*** Block opens ***

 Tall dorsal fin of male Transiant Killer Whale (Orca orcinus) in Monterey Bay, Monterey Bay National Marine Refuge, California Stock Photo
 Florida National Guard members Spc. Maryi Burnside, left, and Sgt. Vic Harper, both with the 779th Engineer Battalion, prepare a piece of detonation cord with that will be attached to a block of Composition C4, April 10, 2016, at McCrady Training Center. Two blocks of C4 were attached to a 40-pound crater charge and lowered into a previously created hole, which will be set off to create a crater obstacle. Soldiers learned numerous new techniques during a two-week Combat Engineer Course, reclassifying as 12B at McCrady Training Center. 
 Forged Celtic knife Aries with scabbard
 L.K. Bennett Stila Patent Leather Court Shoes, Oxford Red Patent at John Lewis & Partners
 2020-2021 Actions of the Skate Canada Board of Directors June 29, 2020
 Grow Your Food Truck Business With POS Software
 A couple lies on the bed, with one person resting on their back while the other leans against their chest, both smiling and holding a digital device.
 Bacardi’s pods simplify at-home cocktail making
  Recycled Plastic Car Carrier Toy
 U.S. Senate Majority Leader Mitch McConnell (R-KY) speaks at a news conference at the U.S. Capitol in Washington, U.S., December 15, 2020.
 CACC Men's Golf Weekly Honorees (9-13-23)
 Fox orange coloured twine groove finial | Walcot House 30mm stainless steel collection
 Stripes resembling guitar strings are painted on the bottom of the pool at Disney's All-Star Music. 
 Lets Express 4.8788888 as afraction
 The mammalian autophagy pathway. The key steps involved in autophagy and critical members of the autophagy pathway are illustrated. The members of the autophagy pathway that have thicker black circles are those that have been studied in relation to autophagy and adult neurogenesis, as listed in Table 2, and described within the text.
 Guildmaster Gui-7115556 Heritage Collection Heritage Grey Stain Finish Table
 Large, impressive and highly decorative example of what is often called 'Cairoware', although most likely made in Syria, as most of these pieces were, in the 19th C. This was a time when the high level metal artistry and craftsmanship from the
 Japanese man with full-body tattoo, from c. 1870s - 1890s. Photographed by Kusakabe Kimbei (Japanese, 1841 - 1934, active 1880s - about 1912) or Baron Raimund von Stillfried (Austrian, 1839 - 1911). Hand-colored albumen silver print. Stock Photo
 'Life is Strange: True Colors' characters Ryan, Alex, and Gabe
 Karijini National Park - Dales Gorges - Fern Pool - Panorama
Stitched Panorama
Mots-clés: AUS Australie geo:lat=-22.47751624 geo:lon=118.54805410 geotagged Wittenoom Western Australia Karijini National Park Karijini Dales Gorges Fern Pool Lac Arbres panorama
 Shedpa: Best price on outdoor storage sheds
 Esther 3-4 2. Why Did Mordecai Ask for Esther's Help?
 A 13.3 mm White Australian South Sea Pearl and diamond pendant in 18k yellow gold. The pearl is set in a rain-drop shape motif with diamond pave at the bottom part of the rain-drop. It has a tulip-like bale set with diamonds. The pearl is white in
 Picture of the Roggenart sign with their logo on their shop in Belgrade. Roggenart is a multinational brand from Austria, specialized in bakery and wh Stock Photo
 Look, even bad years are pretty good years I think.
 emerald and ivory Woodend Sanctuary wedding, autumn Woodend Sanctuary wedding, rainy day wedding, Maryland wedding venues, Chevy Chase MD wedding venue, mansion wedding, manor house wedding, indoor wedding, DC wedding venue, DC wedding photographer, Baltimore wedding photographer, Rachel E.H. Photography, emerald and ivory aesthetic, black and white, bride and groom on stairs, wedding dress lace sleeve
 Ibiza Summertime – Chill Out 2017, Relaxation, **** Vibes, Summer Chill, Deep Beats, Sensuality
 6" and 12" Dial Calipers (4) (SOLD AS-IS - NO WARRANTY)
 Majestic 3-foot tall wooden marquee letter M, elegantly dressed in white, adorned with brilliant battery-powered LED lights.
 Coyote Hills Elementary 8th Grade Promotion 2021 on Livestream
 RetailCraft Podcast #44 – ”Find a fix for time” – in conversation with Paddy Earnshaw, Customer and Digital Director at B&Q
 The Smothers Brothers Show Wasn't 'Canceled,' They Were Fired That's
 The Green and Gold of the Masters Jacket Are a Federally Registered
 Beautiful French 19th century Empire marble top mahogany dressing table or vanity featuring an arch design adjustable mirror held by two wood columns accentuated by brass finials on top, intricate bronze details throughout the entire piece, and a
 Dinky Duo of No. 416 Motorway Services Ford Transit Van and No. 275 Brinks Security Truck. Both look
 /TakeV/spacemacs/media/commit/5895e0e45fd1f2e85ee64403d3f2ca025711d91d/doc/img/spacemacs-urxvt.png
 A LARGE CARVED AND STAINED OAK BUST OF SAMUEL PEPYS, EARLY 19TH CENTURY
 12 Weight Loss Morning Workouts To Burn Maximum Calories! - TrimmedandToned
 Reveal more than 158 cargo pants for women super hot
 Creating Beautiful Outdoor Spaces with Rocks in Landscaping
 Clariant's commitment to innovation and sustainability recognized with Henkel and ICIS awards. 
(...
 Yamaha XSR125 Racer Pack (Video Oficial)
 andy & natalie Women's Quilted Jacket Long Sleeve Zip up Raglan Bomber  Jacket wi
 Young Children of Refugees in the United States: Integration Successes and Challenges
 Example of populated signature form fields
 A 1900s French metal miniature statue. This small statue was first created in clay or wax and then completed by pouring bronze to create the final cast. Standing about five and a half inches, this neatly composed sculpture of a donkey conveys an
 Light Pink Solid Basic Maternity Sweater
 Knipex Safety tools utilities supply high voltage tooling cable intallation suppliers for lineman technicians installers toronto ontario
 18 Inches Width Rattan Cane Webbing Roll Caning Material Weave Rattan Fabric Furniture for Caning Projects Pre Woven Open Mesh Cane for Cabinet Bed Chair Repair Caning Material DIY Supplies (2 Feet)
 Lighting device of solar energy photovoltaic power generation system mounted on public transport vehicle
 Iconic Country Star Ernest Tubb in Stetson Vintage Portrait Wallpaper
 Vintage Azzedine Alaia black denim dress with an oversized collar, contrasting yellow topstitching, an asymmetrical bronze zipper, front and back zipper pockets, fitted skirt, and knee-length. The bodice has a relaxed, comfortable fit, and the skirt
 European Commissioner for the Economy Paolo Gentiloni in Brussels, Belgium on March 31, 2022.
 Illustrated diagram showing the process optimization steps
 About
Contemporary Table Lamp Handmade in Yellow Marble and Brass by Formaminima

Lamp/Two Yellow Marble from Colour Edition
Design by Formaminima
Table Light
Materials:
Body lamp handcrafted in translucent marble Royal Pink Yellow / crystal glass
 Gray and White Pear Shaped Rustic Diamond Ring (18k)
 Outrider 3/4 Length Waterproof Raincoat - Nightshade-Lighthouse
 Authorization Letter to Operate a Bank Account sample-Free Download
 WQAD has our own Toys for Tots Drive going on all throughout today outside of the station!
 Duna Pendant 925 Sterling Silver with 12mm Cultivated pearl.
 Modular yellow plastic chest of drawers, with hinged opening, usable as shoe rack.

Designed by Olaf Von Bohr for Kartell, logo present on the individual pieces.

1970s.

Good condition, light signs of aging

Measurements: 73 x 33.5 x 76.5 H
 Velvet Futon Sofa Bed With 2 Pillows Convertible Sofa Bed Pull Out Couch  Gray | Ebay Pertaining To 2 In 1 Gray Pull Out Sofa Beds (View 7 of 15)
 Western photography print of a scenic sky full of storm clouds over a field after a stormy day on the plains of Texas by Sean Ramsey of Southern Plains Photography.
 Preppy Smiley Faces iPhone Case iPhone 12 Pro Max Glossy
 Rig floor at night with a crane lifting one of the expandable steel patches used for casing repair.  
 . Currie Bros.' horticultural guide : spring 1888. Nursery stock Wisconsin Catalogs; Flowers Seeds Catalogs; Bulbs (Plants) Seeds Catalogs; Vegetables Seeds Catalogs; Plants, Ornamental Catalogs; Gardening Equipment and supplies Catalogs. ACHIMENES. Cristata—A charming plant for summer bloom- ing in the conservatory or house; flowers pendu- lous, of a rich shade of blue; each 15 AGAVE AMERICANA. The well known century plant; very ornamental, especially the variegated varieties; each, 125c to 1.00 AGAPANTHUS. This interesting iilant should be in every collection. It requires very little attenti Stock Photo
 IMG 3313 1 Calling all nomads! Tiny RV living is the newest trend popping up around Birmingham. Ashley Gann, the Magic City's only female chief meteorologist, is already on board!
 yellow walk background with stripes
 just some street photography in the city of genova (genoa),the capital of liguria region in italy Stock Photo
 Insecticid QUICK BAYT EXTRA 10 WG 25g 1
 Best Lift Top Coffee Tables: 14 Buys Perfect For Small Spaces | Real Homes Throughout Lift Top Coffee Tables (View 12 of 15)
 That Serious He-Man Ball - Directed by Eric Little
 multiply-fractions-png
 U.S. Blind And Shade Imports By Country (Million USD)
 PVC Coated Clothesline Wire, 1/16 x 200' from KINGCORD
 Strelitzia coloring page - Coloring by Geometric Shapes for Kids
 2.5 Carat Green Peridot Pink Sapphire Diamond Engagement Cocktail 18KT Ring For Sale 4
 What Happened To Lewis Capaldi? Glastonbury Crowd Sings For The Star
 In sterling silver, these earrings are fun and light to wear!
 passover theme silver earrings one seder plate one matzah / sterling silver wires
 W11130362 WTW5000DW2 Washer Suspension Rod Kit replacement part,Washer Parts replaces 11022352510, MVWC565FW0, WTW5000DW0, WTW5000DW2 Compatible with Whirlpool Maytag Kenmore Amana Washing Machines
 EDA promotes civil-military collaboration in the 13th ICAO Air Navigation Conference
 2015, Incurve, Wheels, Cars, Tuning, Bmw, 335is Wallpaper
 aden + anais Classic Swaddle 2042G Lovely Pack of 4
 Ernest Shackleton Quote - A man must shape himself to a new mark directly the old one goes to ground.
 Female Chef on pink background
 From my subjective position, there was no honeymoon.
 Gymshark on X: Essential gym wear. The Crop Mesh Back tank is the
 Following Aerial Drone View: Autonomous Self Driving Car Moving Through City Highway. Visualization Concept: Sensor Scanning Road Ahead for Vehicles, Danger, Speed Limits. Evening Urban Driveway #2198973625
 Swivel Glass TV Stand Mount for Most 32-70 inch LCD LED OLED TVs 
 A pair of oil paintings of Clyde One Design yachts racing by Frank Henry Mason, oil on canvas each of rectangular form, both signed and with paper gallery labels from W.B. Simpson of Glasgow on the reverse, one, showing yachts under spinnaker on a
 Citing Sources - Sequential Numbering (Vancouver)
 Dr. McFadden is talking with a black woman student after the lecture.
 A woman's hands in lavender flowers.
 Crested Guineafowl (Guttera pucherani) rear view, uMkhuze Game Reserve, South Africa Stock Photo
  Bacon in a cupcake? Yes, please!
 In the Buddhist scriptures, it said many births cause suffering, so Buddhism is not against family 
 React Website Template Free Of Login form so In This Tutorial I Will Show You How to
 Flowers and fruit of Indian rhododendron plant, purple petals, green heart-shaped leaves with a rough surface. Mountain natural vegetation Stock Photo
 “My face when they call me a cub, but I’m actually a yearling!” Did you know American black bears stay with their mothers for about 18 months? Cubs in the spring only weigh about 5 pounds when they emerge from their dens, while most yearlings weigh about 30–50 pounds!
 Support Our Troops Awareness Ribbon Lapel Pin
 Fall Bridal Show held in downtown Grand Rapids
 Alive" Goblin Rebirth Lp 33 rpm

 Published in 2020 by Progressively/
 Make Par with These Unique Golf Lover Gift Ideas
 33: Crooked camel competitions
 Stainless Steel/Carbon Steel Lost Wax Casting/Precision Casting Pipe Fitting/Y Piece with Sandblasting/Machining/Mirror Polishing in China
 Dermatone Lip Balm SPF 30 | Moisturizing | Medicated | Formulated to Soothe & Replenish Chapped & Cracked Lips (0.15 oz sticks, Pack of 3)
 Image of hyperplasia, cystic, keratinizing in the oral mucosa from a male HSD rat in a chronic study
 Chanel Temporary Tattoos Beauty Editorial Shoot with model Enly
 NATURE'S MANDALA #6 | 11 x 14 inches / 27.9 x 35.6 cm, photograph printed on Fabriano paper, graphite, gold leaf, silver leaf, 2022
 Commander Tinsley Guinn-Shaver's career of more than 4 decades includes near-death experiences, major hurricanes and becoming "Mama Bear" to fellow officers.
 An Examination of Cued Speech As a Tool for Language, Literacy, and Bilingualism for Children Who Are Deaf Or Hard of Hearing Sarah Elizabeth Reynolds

*** Block closes ***

Task: Up to and including the line with "2020-2021 Actions of", write out the records above exactly, starting from their first line.

Exercise result:
 Tall dorsal fin of male Transiant Killer Whale (Orca orcinus) in Monterey Bay, Monterey Bay National Marine Refuge, California Stock Photo
 Florida National Guard members Spc. Maryi Burnside, left, and Sgt. Vic Harper, both with the 779th Engineer Battalion, prepare a piece of detonation cord with that will be attached to a block of Composition C4, April 10, 2016, at McCrady Training Center. Two blocks of C4 were attached to a 40-pound crater charge and lowered into a previously created hole, which will be set off to create a crater obstacle. Soldiers learned numerous new techniques during a two-week Combat Engineer Course, reclassifying as 12B at McCrady Training Center. 
 Forged Celtic knife Aries with scabbard
 L.K. Bennett Stila Patent Leather Court Shoes, Oxford Red Patent at John Lewis & Partners
 2020-2021 Actions of the Skate Canada Board of Directors June 29, 2020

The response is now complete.